I believe that one of my previous posts, perhaps the brief one that introduced peripheral neuropathy, touched on the notion that a cancer diagnosis and its subsequent treatments seem to heighten a person's senses. I find myself examining every sensation that I have, and all of the time. For example, I have always been a kind of "heater"... in the way that makes me want to peel off blankets at night, and wear shorts in the summertime. I easily melt when the temperatures get too hot, and humidity makes me very uncomfortable when it is coupled with heat. I am at my most comfortable when I am at the Oregon coast, walking on the beach at about 65 degrees. I would last about three days in the Gulf coast states without the modern convenience of air conditioning (not that I've spent all that much time there, mind you). Even the relatively mild humidity of East coast summers would cause me to lie still and pant for cold drinks (even the frou-frou kind!) Now, though, I find that I am always rubbing my hands together to warm my fingertips, and I still have a down comforter on the bed at night. Sheesh.

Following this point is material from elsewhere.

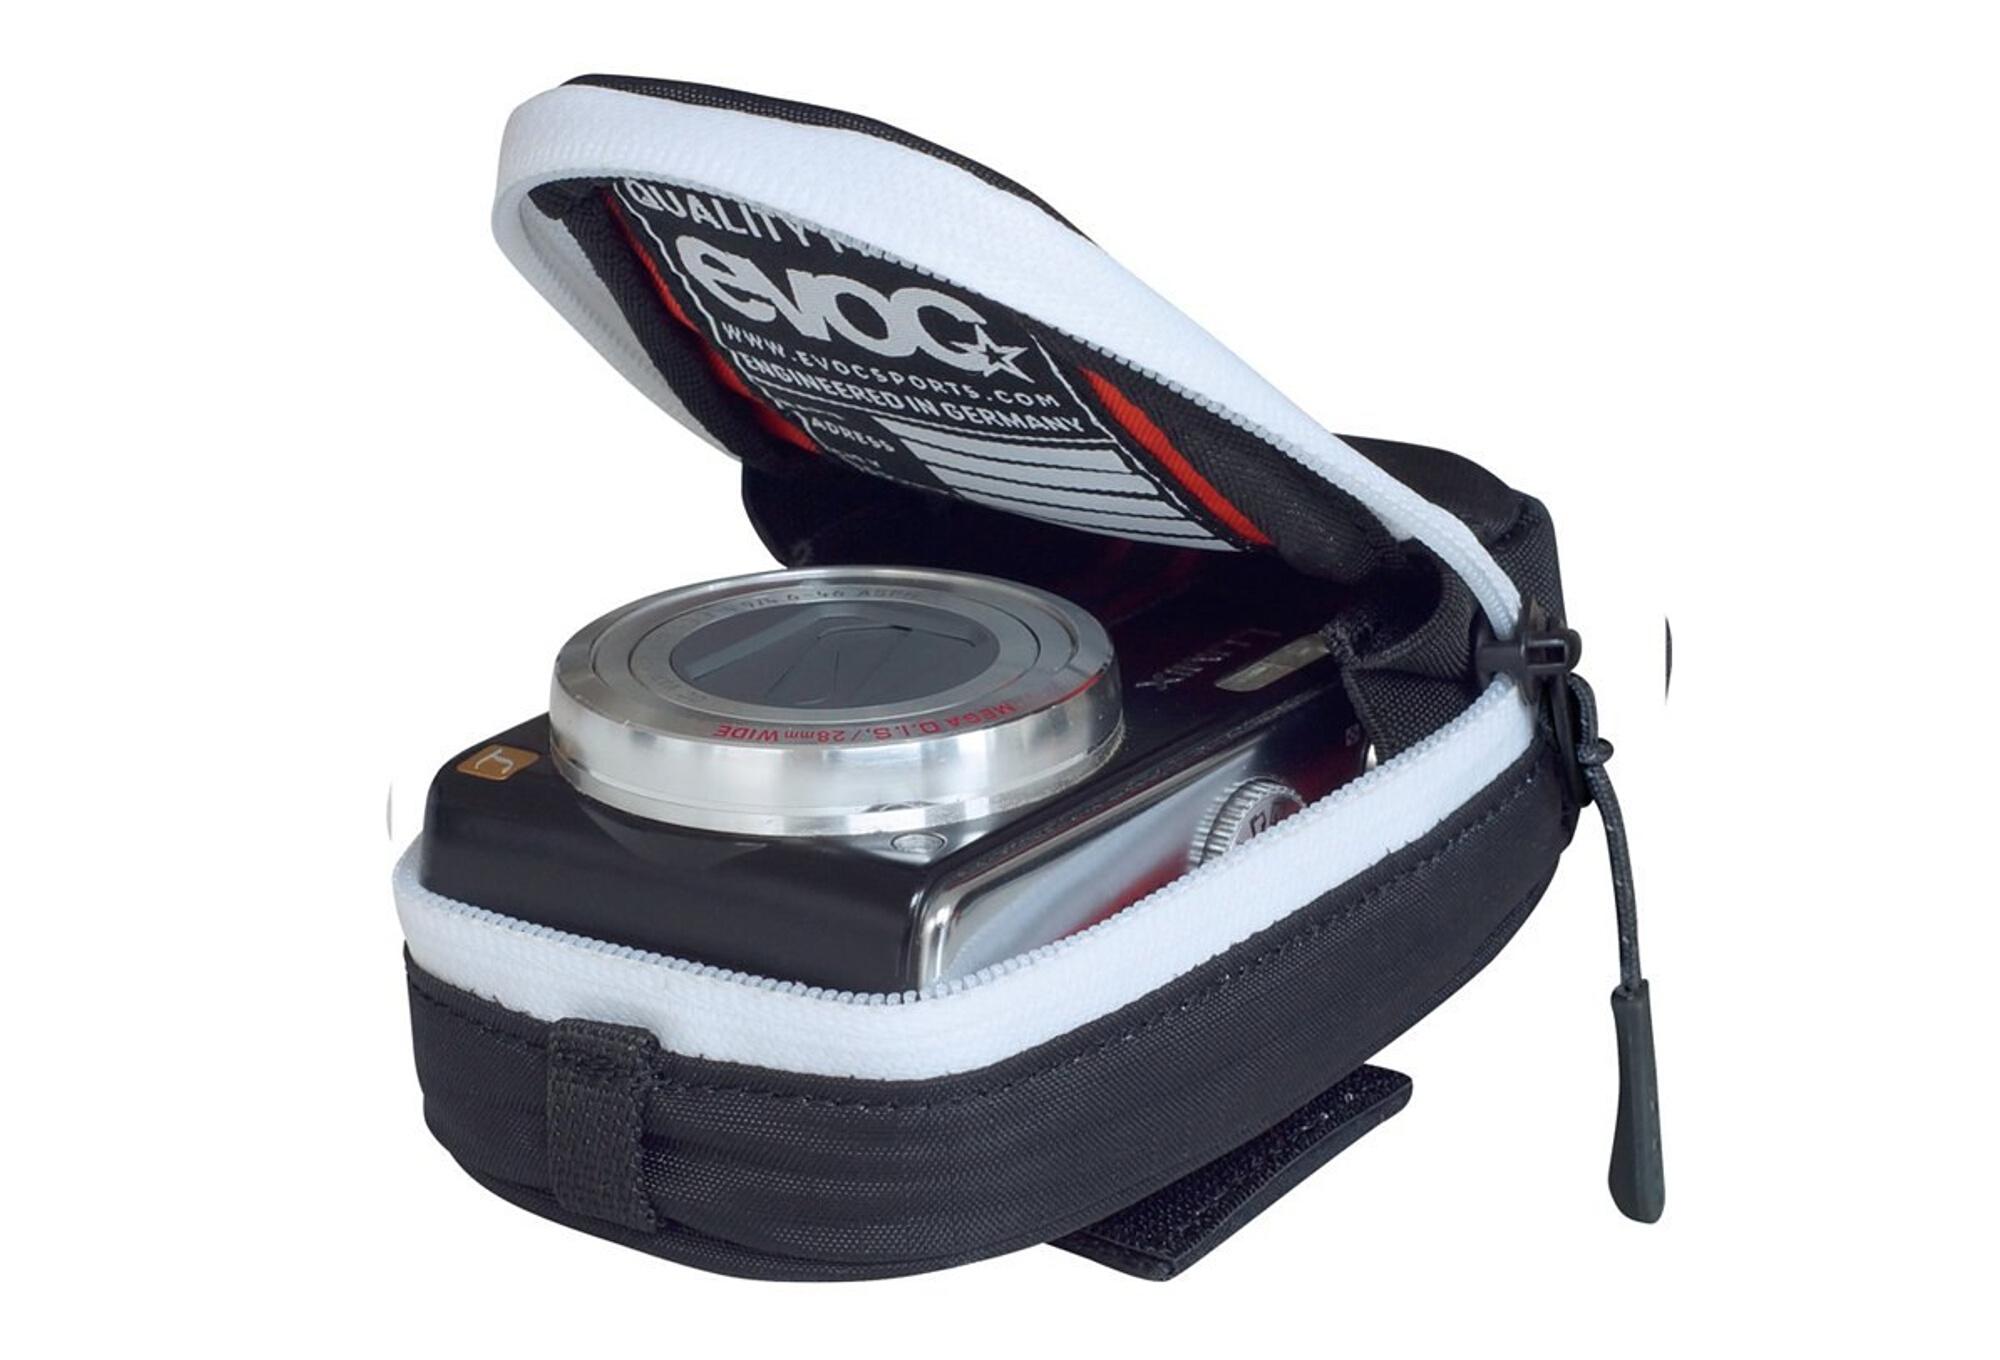 Housse appareils photo compacts evoc camera case 0 2l noir for Housse appareil photo compact
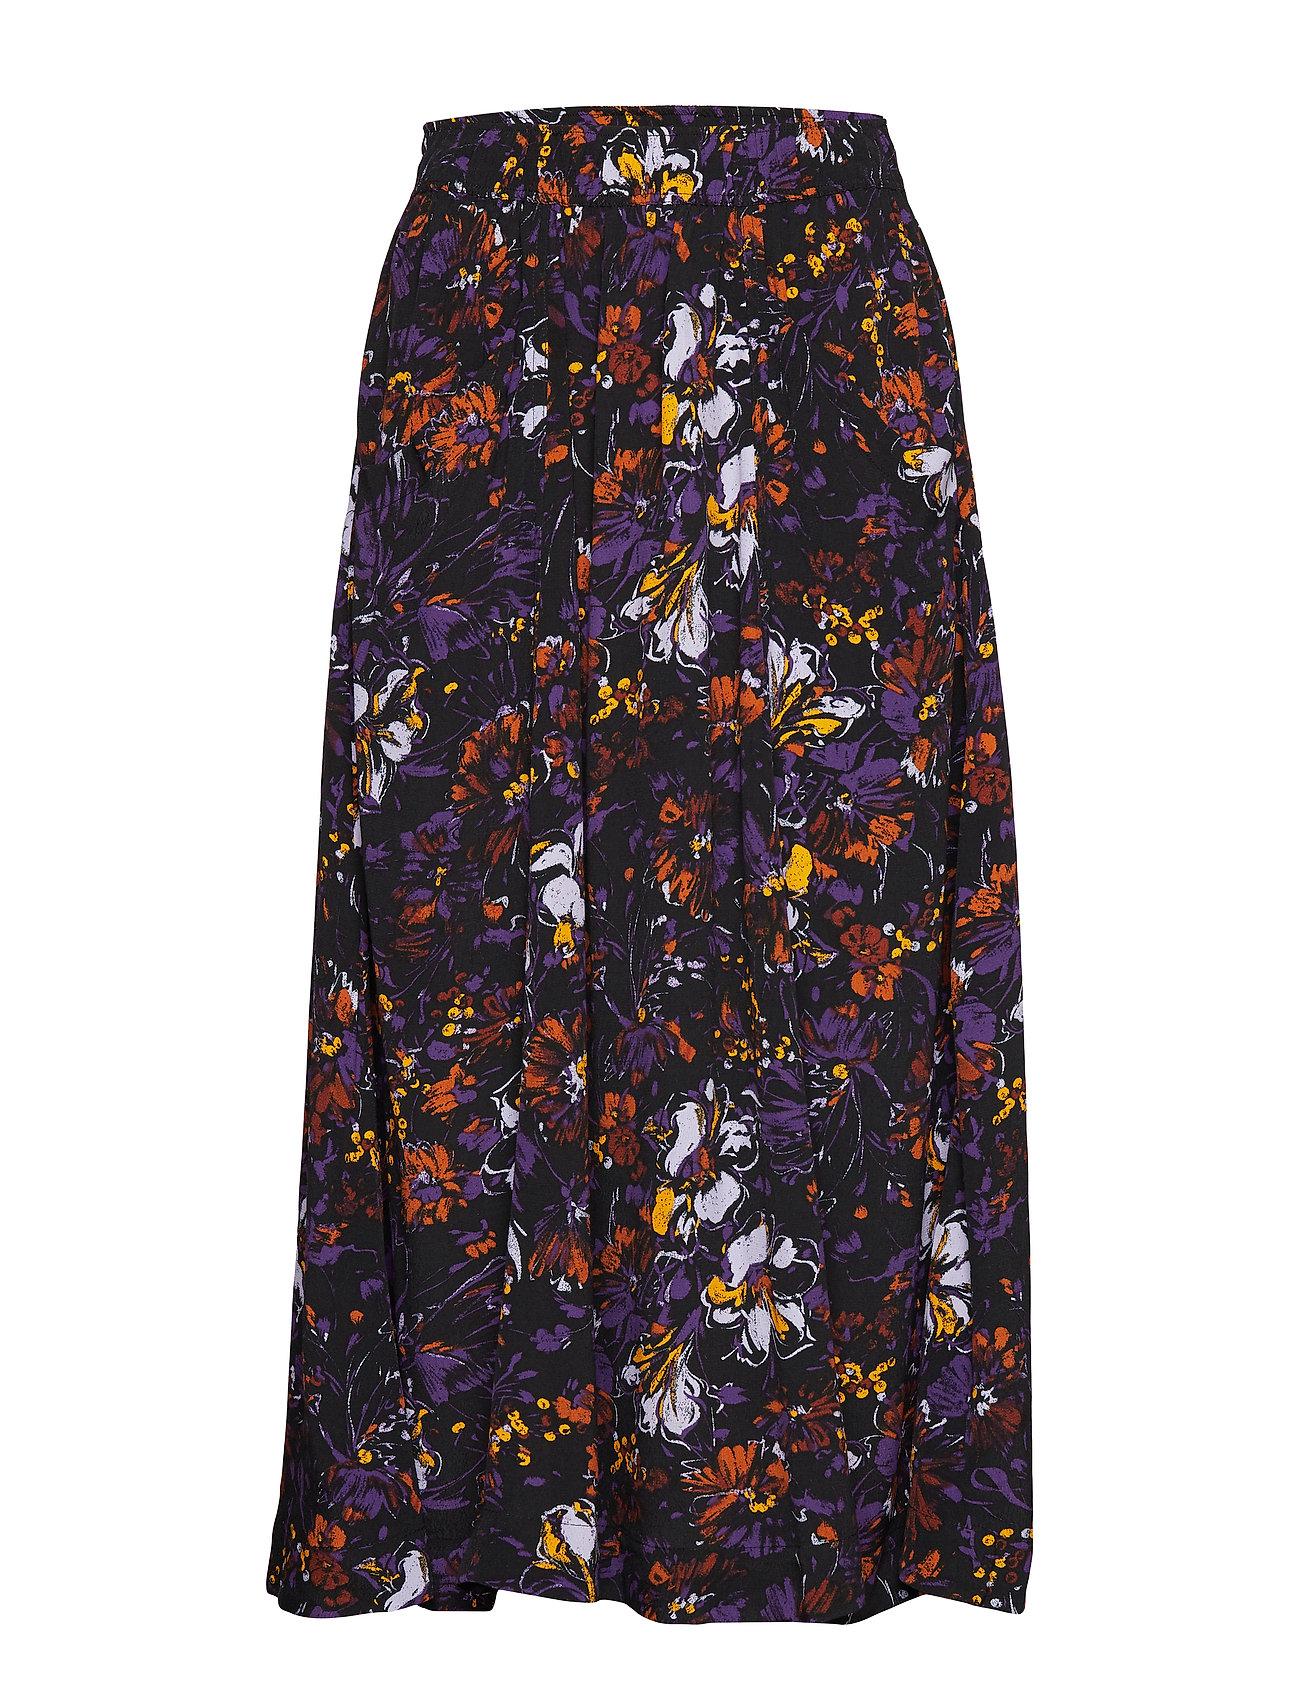 InWear KavitaIW Skirt - PETUNIA WILD FLOWER

I am constantly thinking about my tummy. Through the surgeries and recovery, I have really jumbled up my insides and they are still "settling in" as to regular functioning. I think I have already mentioned that several times. But I find myself CONSTANTLY checking to see, "am I hungry or, just what is THAT feeling?" I am kind of dreading the next treatment because I now know that the chemical balancing act with regard to my bowel is about to start again. I focus a lot on keeping track of how much I drink over a day. And I read that the oxaliplatin is mainly processed by my kidneys, and has a half-life of 16 or so days... That means that the amount of drug in my system has declined to one-half the initial concentration after a little more than two weeks. I am receiving additional drugs every 14 days, though, so the concentration of oxaliplatin will gradually rise over the course of my regimen. I am reminded regularly to drink PLENTY of fluids to help move that stuff along (as they say).
This morning I awoke at 5:04am, having slept all the way through the night for the first time in weeks (I have been waking at least once a night for bathroom stuff). But a bird song announcing the sunrise wiggled its way into my brain and I could sleep no more. After that, I could hear motor vehicles driving somewhere out in our area, and then I started thinking about my day... "Got to organize my work progress for a meeting this afternoon - should I use Powerpoint, or try a simple outline?" "I should get up and make a decent breakfast for myself - pancakes today, or will that be too heavy - maybe I should stick with cereal, even though I know my appetite will crash after tomorrow. I do love the taste of maple syrup on homemade buttermilk pancakes!" And taste is another of the things that chemo is supposed to affect by making things taste metallic. Oh well.
I have read that chemotherapy can affect a person's vision - and that you should NOT go to the eye doctor to correct apparent changes in vision clarity or eye fatigue during the treatments. So far, I have not noticed any changes like this, but I am constantly aware of the possibility. I love to read, and that would be a somewhat difficult side effect for me.
But it's another beautiful day in paradise, and I am glad to be able to greet the sun with my tweeting feathered friend. Gotta remember to check the irrigation system tonight after work, and finish cleaning out the basement too, before my energy and attention turns to processing the important pharmacological soup again. Have a great day, wherever you are!